Book Read Free

B006NTJT4U EBOK

Page 73

by Jackson, Julian


  Planning for the future also occurred outside France. As early as December 1941, de Gaulle set up four commissions in London to study post-war reforms. After the move to Algiers, committees were set up to examine reforms in four areas: the Empire, the constitution, education, and the economy.49 No single view about reform emerged from these discussions. The CFLN represented an increasingly wide spectrum of opinion as de Gaulle broadened its base. In November 1943, he brought in historic Resistance leaders who had arrived from France (Frenay, d’Astier, Menthon), former Third Republic politicians who had rallied to de Gaulle (Pierre Mendès France, Henri Queuille, André Philip), and veterans of the Free French (Catroux, Diethelm, Pleven, Tixier).

  The two policy areas most intensely discussed were the economy and constitutional reform.
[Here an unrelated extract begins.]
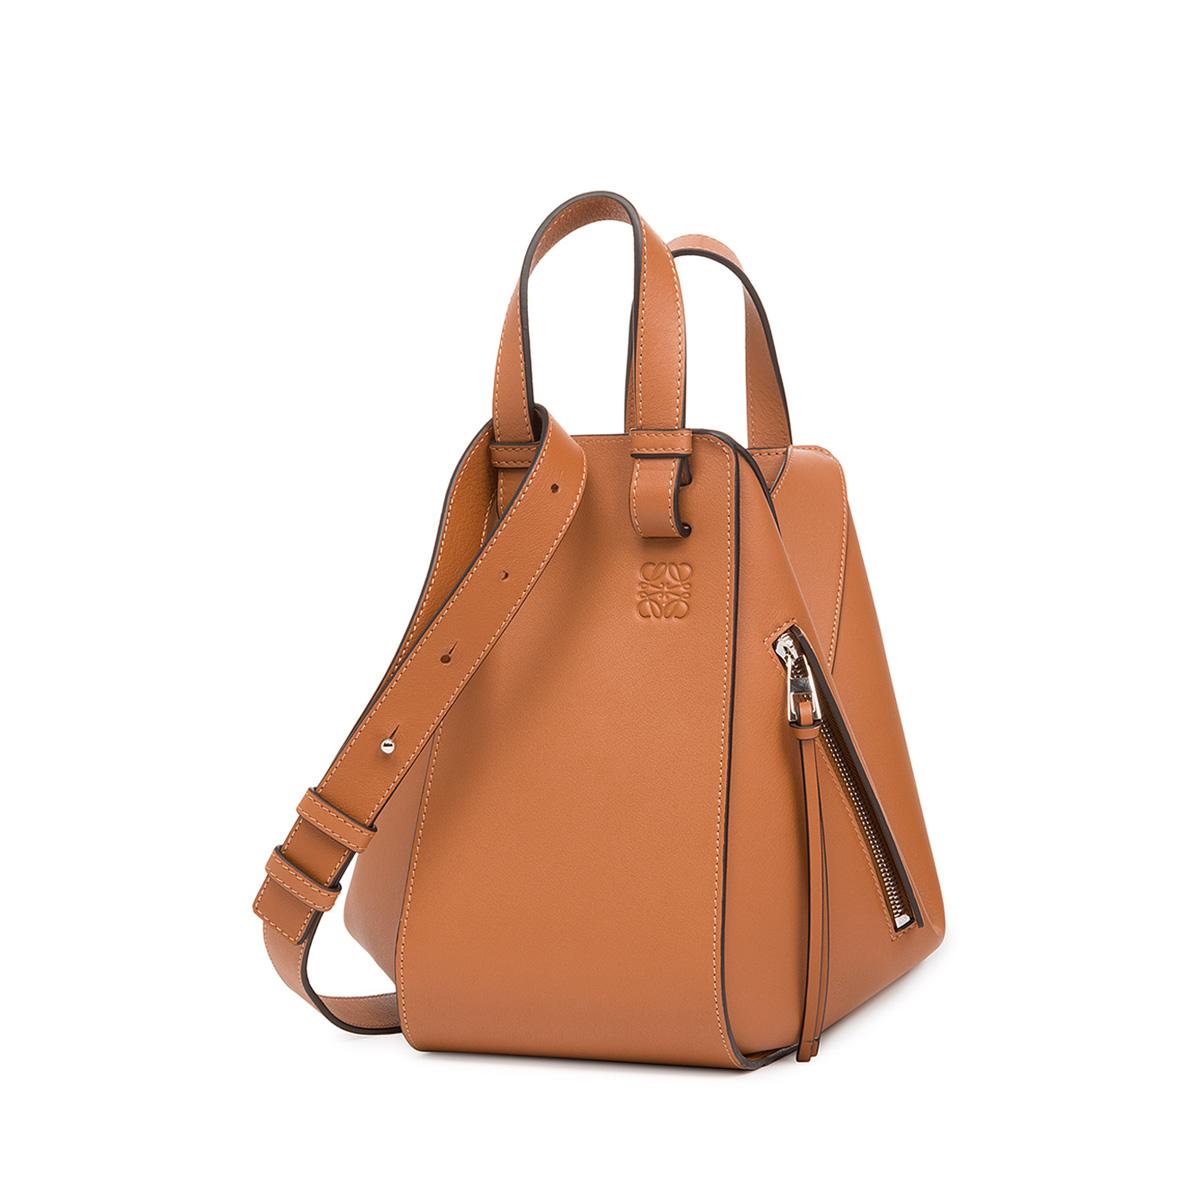 8b10e8bb0531 Hammock Small Bag Tan - LOEWE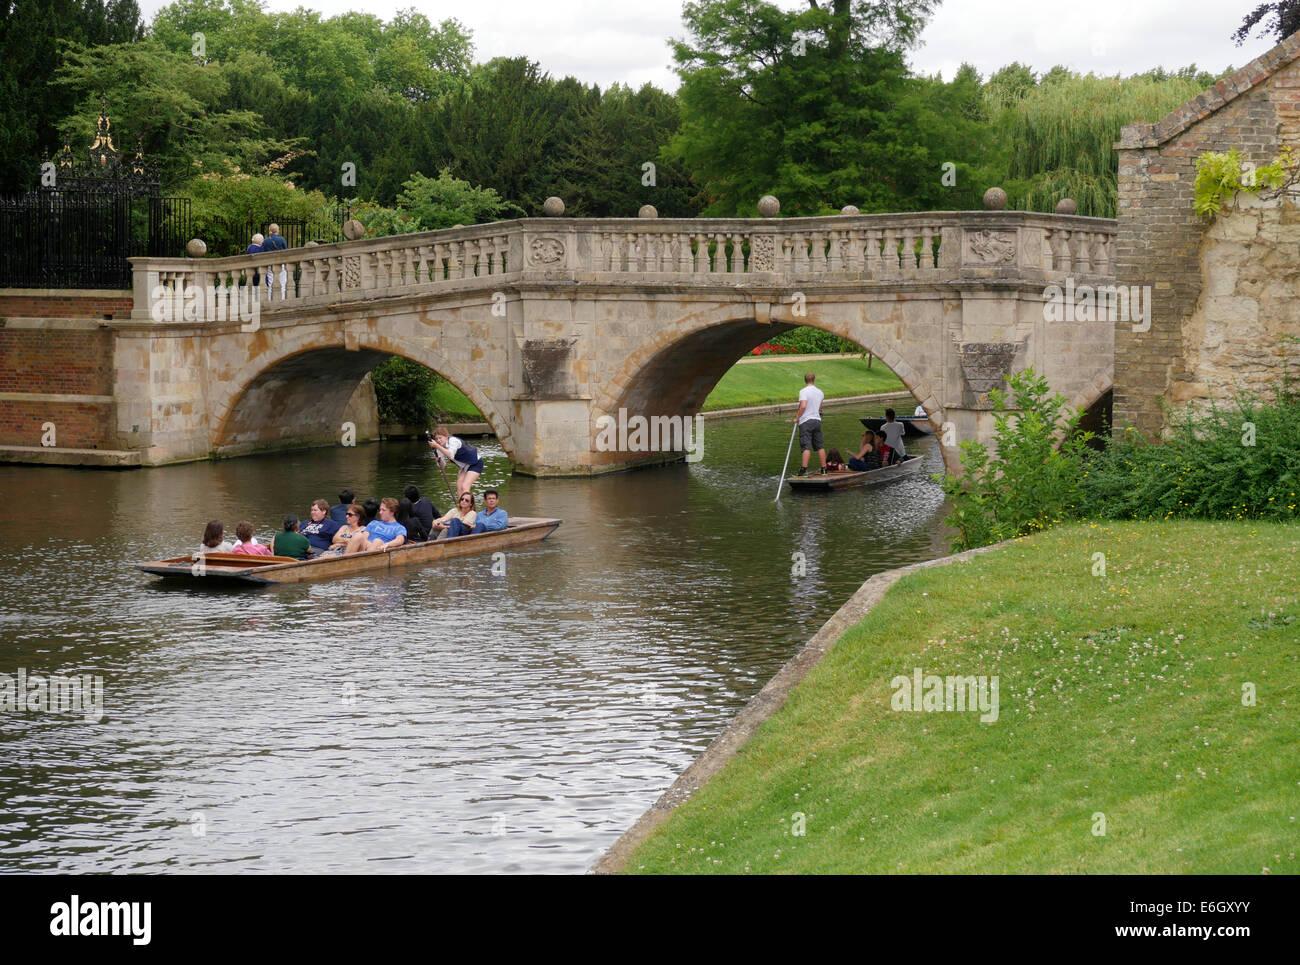 College life - punts on the River Cam near Cambridge University, Cambridge England - Stock Image

On the economy, there were several broadly shared assumptions—hostility to the bourgeoisie which had supposedly let France down in 1940, rejection of laissez-faire capitalism and support for dirigisme, repudiation of the allegedly Malthusian attitudes of the pre-war period and an embrace of modernization—but there was little agreement on details. The main conflict centred upon the degree of dirigisme. The difference between the more and less dirigiste positions did not run between the Resistance and the Free French. In November 1943, René Courtin of the CGE produced an economic policy document which most Resistance leaders considered to be too laissez-faire. Within the Free French, most points of view were represented. A Free French commission, chaired by the civil servant Hervé Alphand, had in 1942 produced a report which pleased neither the Socialists and the Resistance, nor the more laissez-faire camp, represented in London by the businessman Étienne Hirsch. After the move to Algiers, the balance within the CFLN swung towards the left. Pierre Mendès France, who was given the economic portfolio, was an ardent advocate of planning. But no decisions were taken, and the case remained to be fought out in the post-Liberation government.50

  On constitutional reform, the CNR Charter demanded a democratic system combining efficiency with ‘effective accountability before the representatives of the people’. This answered none of the difficult questions, and the constitution was something about which everyone had an opinion. When Sartre tried setting up an abortive resistance group in 1941, the first thing he did was to draft a new constitution—which has not survived. The first cahiers of OCM (June 1942) and Défense de la France (March 1943) were devoted to the constitution. In January 1944, the CFLN set up a committee to co-ordinate all the proposals that were proliferating on this subject. It was said, with some exaggeration, that there were almost as many constitutional projects as resisters.51 A recent study has reprinted nineteen separate constitutional projects.52

  The central problem was how to avoid the weakness of the Third Republic without falling into the authoritarianism of Vichy. Was it possible satisfactorily to reconcile liberty and authority? In constitutional terms, this revolved around the difference between a presidential and a parliamentary republic. Advocates of a more presidential system looked to ways of widening the franchise of presidential elections or allowing the President to dissolve parliament as Tardieu advocated in the 1930s. Those who rejected presidentialism argued that the Third Republic’s weakness resided in the lack of parliamentary majorities. The solution lay in encouraging the emergence of two or three organized parties on the British model. OCM and Défense de France were the firmest supporters of some form of presidentialism, and the Socialists of reformed parliamentarianism. In between, lay the detailed CGE blueprint (September 1943) which was seen as ‘timid’ by OCM and as too presidential by the Socialists.53

  De Gaulle expressed no detailed public views about post-Liberation reforms. From the summer of 1943, his main rival was no longer Giraud but the Communists, and his speeches stopped talking about revolution.54 De Gaulle was always pragmatic about details. On economic matters, his immediate priority was not to adjudicate between the finer points of liberalism or planning, but to ensure that the French people were fed after liberation. For this purpose, he sent Monnet to Washington to co-ordinate relief programmes with the Americans. On constitutional matters, de Gaulle committed himself in no way. His view was probably that no amount of planning would matter if the CFLN did not immediately impose its authority on liberated France. The most urgent objective was not to produce ever more finely tuned constitutions, but to ensure that there was no administrative void after Vichy had gone.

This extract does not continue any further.